Copy out the data exactly, leaving the pictures behind.

- **DATA**
┌──
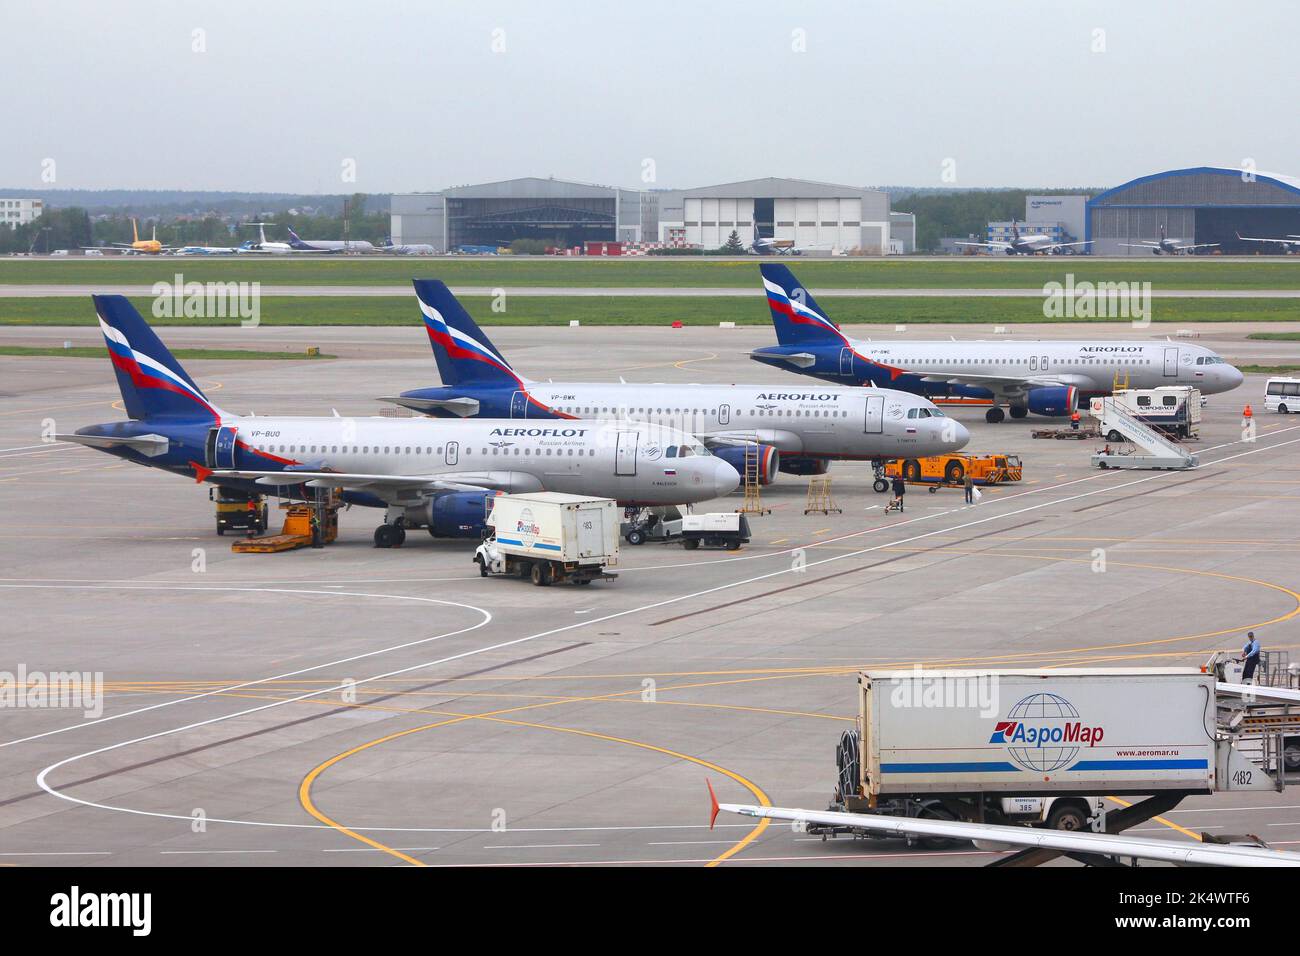 Mosca, RUSSIA - 12 MAGGIO 2012: Aeroflot Russian Airlines flotta all'aeroporto Sheremetyevo di Mosca, Russia. Sheremetyevo (SVO) è l'aeroporto più trafficato di Ru Foto Stock
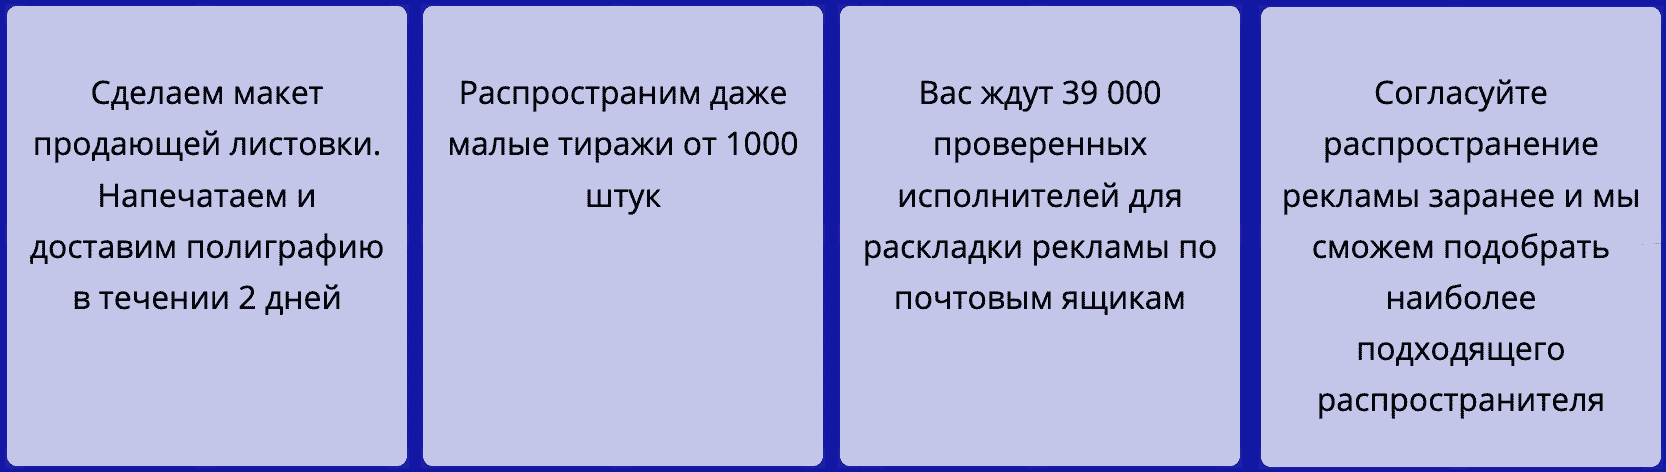 Распространение листовок по почтовым ящикам в Москве описание услуг
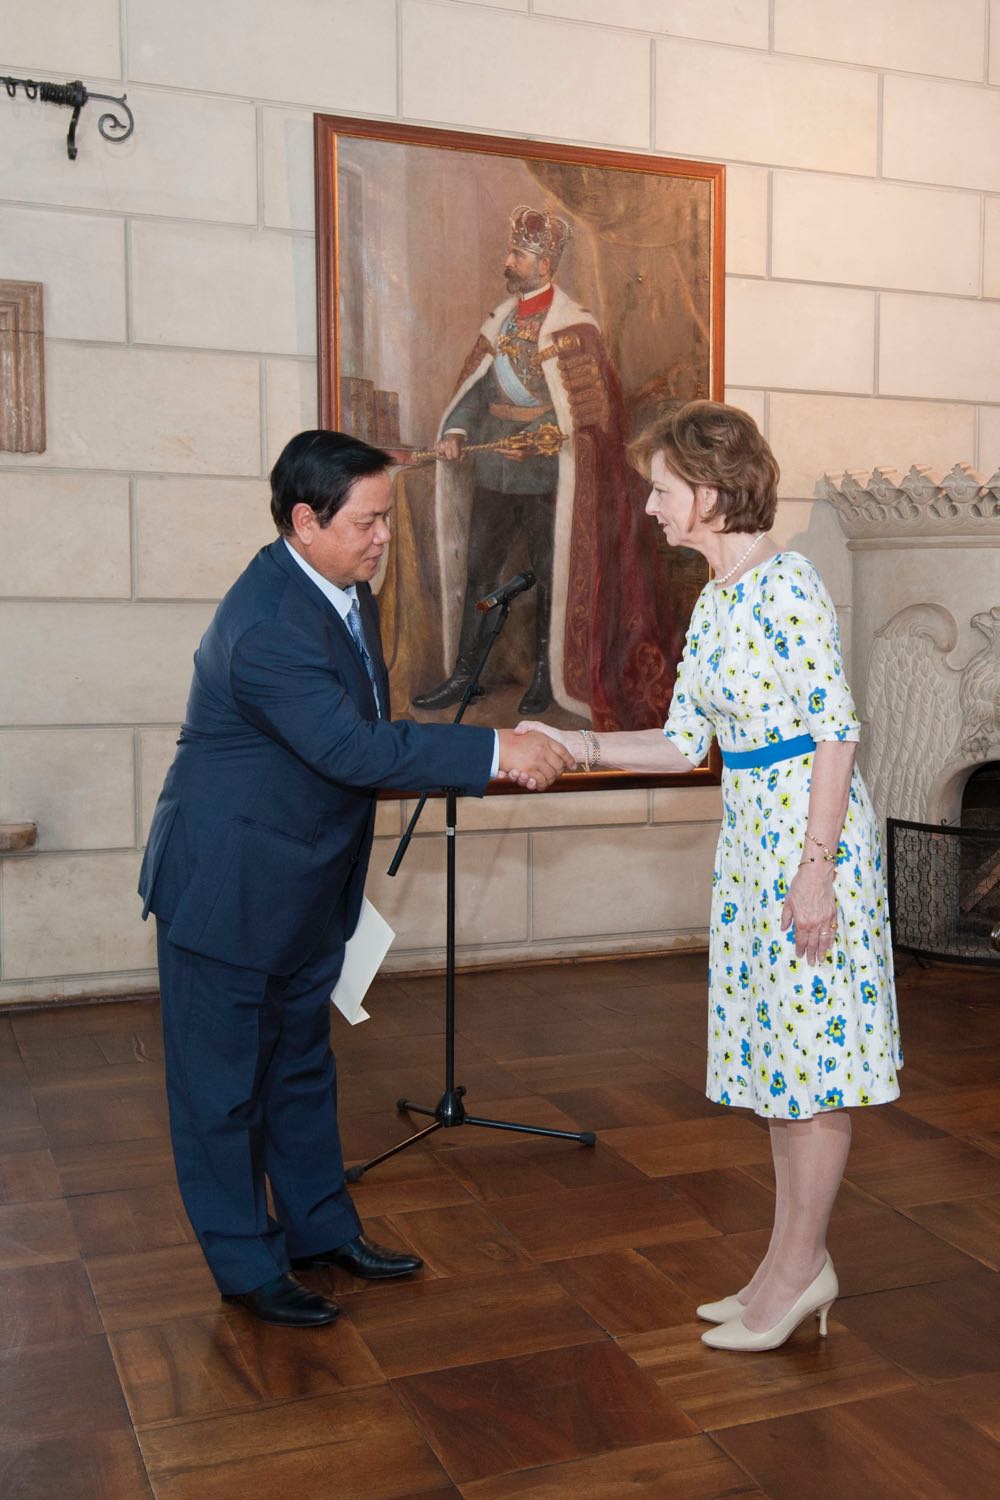 Custodele Coroanei romane a primit la Palatul Elisabeta o delegatie din Regatul Cambodgiei, 10 iulie 2017 ©Daniel Angelescu
└──
- **ANSWER TO THE EXERCISE**
 Mosca, RUSSIA - 12 MAGGIO 2012: Aeroflot Russian Airlines flotta all'aeroporto Sheremetyevo di Mosca, Russia. Sheremetyevo (SVO) è l'aeroporto più trafficato di Ru Foto Stock
 Распространение листовок по почтовым ящикам в Москве описание услуг
 Custodele Coroanei romane a primit la Palatul Elisabeta o delegatie din Regatul Cambodgiei, 10 iulie 2017 ©Daniel Angelescu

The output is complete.